The Egbert Benson Collection consists of 9 items of Correspondence and a single item of Miscellany, all of which were generated between 1786 and 1819, although a number of the letters are undated. The outgoing Correspondence of the first Attorney General of New York State, delegate to the Annapolis Convention, and Congressman is mainly concerned with legal business (Samuel Bayard, Samuel M. Hopkins, William S. Shaw), although a few of the letters discuss politics or personal (John R. Madison) and financial matters. The single item of incoming correspondence, a letter from John Jay, is not the strident appeal of one Revolutionary leader to another, but the plea of a concerned son for news about the welfare of his ailing parent and his family:

There seems to be a spell on the Penns of my Friends of New York.
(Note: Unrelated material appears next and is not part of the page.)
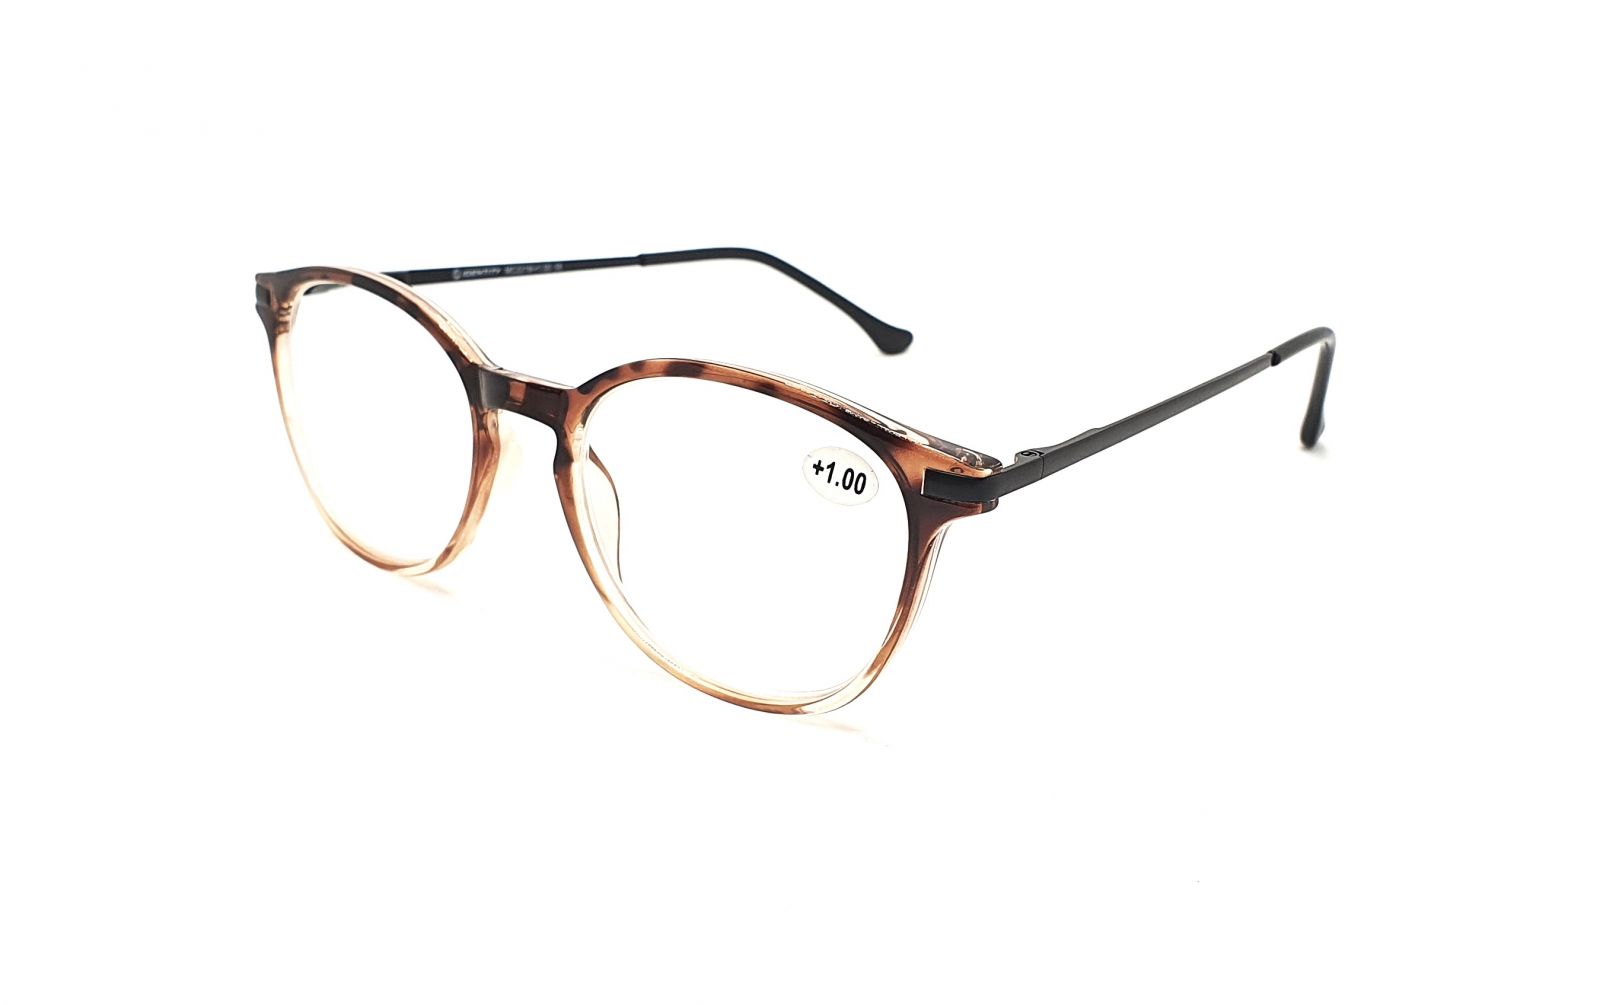 IDENTITY Dioptrické brýle MC2219 +2,50 flex brown

Except Livingston, I have not had a line from other of them since I left America - not even from other of my Brothers - nor from you who are several Letters in my Debt.
I have a Favor to ask of you - it is that you would make a visit to my Father, and send me a minute account of his Health and that of the Family - make half a dozen Copies of your Letter, and send them and other to some Friend at Boston, or to Mr. Robt. Morris at Philadelphia to be forwarded in different vessels - do not neglect to do me this friendly office. You can easily conceive how painful it is to be so long in Ignorance and Suspence [sic] about the Situation and Welfare of Persons, so near and dear to one as many of those to whom I alluded, are to me.

In addition to the correspondence is an item of Miscellany, a receipt signed by Benson for payment of his salary.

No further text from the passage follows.